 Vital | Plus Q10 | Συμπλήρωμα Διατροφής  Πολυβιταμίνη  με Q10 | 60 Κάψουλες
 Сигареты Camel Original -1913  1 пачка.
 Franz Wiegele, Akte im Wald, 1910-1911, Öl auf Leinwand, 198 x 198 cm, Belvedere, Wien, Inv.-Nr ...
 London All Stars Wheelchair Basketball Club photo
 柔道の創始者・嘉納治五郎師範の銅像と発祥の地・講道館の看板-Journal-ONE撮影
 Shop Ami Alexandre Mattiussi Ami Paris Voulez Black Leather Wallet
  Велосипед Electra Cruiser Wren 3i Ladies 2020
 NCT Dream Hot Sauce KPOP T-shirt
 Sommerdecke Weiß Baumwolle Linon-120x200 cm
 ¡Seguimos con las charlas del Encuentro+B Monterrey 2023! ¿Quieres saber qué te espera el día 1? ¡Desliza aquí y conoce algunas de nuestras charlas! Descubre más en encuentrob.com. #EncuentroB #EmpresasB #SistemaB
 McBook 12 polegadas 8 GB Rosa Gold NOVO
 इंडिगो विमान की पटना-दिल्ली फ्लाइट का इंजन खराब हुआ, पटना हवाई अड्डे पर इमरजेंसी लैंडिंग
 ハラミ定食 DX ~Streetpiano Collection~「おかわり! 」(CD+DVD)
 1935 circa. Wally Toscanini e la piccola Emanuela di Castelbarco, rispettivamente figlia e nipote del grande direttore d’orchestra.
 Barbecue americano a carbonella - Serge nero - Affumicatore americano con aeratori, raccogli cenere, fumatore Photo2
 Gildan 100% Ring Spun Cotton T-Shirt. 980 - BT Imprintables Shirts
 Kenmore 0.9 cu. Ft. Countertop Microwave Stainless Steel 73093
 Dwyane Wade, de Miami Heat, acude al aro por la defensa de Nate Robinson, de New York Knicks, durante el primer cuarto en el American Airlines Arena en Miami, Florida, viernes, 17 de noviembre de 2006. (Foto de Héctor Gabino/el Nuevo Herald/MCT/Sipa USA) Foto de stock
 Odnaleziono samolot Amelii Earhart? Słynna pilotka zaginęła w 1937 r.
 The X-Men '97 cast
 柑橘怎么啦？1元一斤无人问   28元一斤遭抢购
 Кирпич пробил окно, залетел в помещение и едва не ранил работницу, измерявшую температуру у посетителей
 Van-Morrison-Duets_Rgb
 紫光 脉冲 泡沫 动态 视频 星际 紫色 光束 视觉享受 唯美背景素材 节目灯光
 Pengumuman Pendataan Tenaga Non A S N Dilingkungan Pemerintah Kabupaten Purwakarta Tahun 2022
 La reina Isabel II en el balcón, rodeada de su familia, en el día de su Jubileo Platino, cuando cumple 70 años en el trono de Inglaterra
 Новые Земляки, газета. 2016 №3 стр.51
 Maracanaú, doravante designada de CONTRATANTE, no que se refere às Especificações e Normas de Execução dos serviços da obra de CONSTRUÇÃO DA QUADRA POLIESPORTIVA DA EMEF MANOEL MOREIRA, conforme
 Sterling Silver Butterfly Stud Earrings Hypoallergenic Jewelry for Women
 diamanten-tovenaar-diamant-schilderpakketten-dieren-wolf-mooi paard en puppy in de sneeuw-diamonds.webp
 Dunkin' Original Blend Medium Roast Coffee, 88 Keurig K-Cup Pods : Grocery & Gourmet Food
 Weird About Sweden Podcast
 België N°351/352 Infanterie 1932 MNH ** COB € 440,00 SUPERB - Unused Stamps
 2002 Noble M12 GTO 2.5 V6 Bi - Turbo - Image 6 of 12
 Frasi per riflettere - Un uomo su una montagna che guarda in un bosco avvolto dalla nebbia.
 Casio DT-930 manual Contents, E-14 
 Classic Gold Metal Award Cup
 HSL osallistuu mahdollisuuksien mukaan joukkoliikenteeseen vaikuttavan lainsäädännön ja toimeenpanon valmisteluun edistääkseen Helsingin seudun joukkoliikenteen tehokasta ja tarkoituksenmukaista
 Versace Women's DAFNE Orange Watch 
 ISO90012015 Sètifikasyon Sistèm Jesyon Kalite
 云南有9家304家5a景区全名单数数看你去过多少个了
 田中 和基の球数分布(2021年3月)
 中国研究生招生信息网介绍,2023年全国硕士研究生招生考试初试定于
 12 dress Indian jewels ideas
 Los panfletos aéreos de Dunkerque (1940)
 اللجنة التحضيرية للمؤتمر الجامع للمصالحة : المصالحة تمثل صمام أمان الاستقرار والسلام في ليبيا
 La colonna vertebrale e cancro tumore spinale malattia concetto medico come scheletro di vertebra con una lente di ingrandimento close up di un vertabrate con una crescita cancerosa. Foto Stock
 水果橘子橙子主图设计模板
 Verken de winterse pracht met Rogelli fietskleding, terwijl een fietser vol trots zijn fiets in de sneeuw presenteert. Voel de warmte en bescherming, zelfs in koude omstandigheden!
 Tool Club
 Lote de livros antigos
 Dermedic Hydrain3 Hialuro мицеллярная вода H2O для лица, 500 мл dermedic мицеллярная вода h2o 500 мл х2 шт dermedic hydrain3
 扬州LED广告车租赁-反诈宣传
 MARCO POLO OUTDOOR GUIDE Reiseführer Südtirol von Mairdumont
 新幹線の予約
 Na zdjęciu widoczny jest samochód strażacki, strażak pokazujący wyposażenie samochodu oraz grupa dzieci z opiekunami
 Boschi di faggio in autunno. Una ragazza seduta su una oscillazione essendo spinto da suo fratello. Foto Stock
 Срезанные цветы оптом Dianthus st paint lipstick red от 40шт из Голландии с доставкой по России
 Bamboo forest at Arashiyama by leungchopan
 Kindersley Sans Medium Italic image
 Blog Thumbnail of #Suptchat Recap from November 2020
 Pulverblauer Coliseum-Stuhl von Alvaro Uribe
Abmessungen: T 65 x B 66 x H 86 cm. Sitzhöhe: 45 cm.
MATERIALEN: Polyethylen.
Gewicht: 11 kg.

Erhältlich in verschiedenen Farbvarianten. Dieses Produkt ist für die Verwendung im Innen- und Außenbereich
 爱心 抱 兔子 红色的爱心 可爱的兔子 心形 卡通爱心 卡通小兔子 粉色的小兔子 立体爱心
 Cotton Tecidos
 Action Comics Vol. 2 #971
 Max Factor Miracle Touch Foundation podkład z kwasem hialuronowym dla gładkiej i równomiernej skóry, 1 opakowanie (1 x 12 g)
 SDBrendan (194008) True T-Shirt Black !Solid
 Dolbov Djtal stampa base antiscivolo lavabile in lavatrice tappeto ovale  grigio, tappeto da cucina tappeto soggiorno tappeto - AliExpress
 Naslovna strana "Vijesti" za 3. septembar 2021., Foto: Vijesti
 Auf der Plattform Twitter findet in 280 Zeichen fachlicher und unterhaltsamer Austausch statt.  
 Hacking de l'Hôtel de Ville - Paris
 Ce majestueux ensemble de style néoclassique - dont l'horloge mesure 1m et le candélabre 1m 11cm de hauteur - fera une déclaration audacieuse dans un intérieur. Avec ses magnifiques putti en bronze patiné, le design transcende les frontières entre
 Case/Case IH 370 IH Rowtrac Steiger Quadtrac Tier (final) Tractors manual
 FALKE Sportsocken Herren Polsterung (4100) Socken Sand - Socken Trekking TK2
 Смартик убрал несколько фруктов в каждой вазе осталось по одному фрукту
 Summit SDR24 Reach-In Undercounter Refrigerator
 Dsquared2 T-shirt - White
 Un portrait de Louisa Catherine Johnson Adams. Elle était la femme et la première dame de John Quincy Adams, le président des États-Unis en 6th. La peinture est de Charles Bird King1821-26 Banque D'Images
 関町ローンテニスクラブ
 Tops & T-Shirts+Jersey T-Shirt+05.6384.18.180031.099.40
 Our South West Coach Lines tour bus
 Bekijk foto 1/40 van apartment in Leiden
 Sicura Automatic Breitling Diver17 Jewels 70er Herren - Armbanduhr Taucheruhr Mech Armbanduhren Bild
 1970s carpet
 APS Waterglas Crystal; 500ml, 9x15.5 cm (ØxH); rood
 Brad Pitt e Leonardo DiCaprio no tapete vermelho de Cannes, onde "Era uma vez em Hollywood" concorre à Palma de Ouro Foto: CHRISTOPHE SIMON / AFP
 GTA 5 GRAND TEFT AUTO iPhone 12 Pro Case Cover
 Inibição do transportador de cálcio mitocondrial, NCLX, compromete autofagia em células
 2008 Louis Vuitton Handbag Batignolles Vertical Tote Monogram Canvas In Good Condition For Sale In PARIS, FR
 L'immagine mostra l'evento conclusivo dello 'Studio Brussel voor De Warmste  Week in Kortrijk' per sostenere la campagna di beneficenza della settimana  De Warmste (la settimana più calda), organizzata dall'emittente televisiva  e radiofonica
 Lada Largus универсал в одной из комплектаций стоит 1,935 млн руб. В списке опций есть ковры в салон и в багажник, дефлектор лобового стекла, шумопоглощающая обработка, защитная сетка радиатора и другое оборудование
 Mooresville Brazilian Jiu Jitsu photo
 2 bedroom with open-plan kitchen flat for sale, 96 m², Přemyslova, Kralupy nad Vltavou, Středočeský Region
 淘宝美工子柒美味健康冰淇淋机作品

What you will do: What you give back must be the stretch above, starting at the line with "Blog Thumbnail of" and ending at the line with "SDBrendan (194008) True T-Shirt Black !Solid", copied exactly.

Written reply:
 Blog Thumbnail of #Suptchat Recap from November 2020
 Pulverblauer Coliseum-Stuhl von Alvaro Uribe
Abmessungen: T 65 x B 66 x H 86 cm. Sitzhöhe: 45 cm.
MATERIALEN: Polyethylen.
Gewicht: 11 kg.

Erhältlich in verschiedenen Farbvarianten. Dieses Produkt ist für die Verwendung im Innen- und Außenbereich
 爱心 抱 兔子 红色的爱心 可爱的兔子 心形 卡通爱心 卡通小兔子 粉色的小兔子 立体爱心
 Cotton Tecidos
 Action Comics Vol. 2 #971
 Max Factor Miracle Touch Foundation podkład z kwasem hialuronowym dla gładkiej i równomiernej skóry, 1 opakowanie (1 x 12 g)
 SDBrendan (194008) True T-Shirt Black !Solid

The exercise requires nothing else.